3. “Academic capitalism” coined by Slaughter and Leslie (1997) refers to the globalizing trend at the end of the twentieth century in which traditional patterns of university professional work was destabilized. This trend emphasized the utility of higher education for national economic activity and preferred market like activity on the part of faculty and institutions (Slaughter and Leslie, 1997, p. 24).
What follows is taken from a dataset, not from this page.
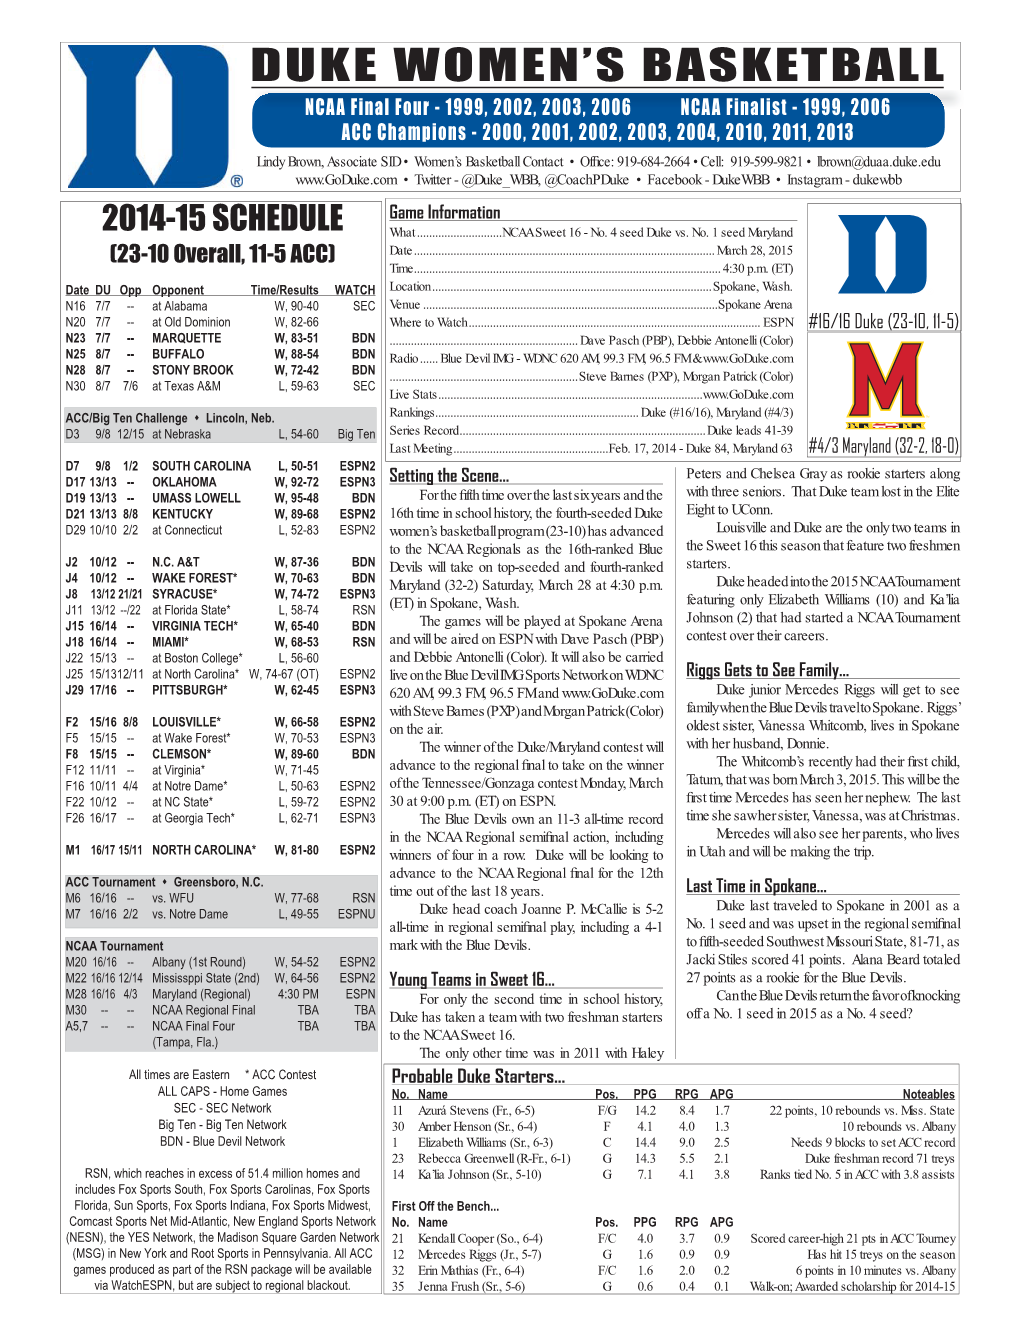 2014-15 WBB Game Notes

Universities since then have moved towards the market ideologically, financially and in terms of policy and practice by forging links with industry and restructuring campuses (Mohanty, 2003, p. 178).
4. The objective of EFPO was
to “modify the character of medical education in Ontario to make it more
responsive to the evolving needs of society” (Neufeld et al, 1998, p. 1133).
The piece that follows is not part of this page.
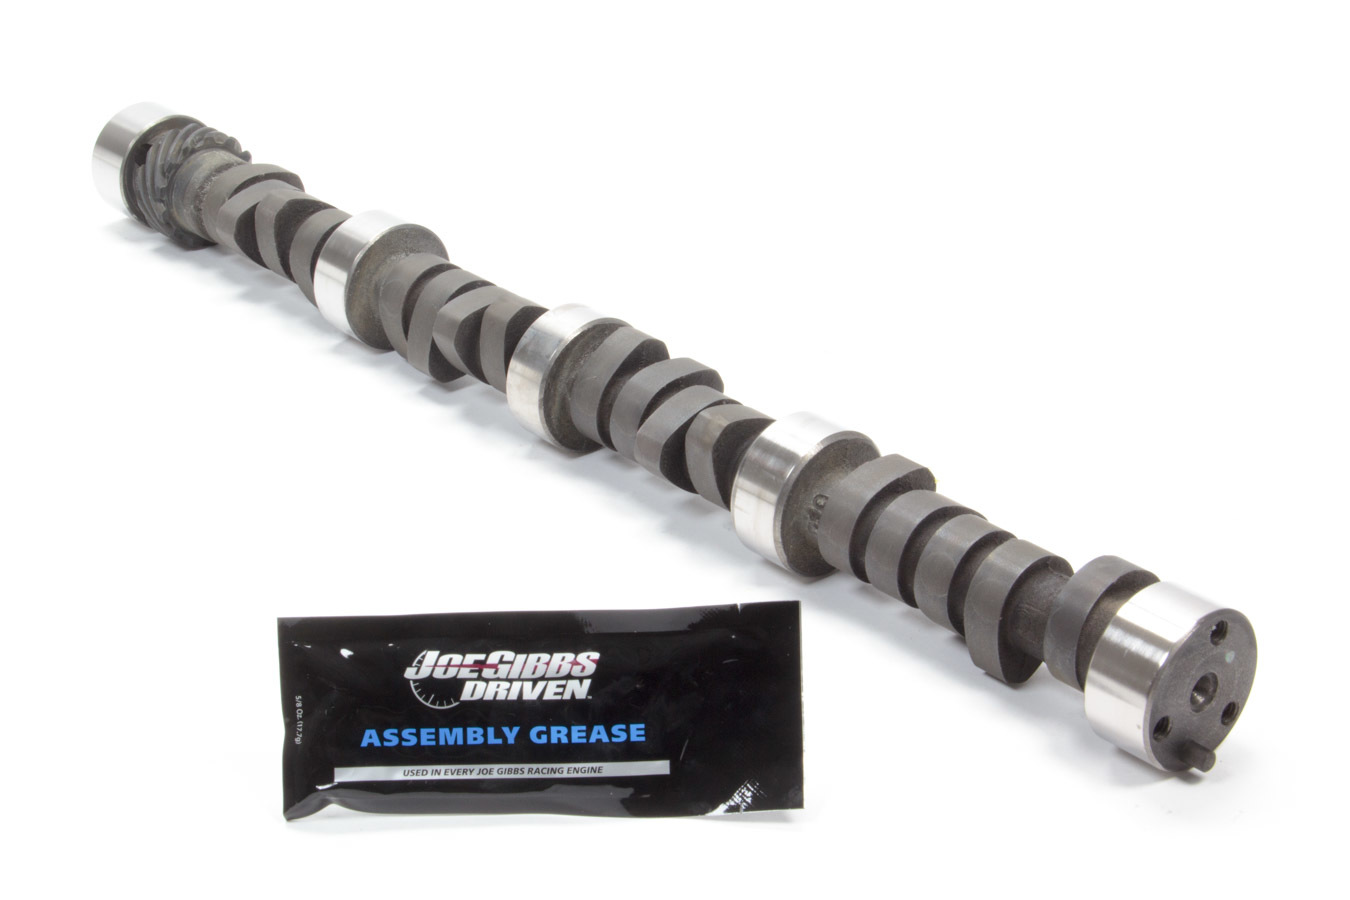 Howards Cams 110071-06 Camshaft, Oval Track Lift Rule, Hydraulic Flat Tappet, Lift 0.410 / 0.410 in, Duration 274 / 274, 106 LSA, 2500 / 6000 RPM, Small Block Chevy, Each

This project brought together “the five Ontario medical schools, the Council of
Ontario Faculties of Medicine (COFM); a nonprofit, charitable organization,
Associated Medical Services (AMS); and the Ontario Ministry of Health”, in a
collaborative effort “to determine what the people of Ontario expect of their
physicians and how the programs that prepare future physicians should be changed
in response” (Maudsely et al, 2000, p. 113). The EFPO project was officially
launched in January 1, 1990. It comprised of two phases. The first phase ran for
five years, from January 1990 to December 1994. The project continued for a
second phase for another four years and concluded at the end of 1998. The first
phase focused on “setting an overall framework and direction for change and
making the changes sustainable” (ibid, p. 114). The first phase involved:
defining the health requirements of Ontario society related to physician
education, foster faculty development based on expanded needs of medical
education, develop evaluation mechanisms of medical students, develop education
programs based on Ontario needs for medical students, and develop leadership in
medical education that will sustain the changes in medical education. In phase
one, eight physician roles were named and defined after consulting the public:
medical expert-clinical decision maker, communicator, collaborator, health
advocate, learner, manager, scholar, and “physician as person” (Neufeld et al,
1998, p. 1137). In phase two: EFPO’s focus shifted more towards residents’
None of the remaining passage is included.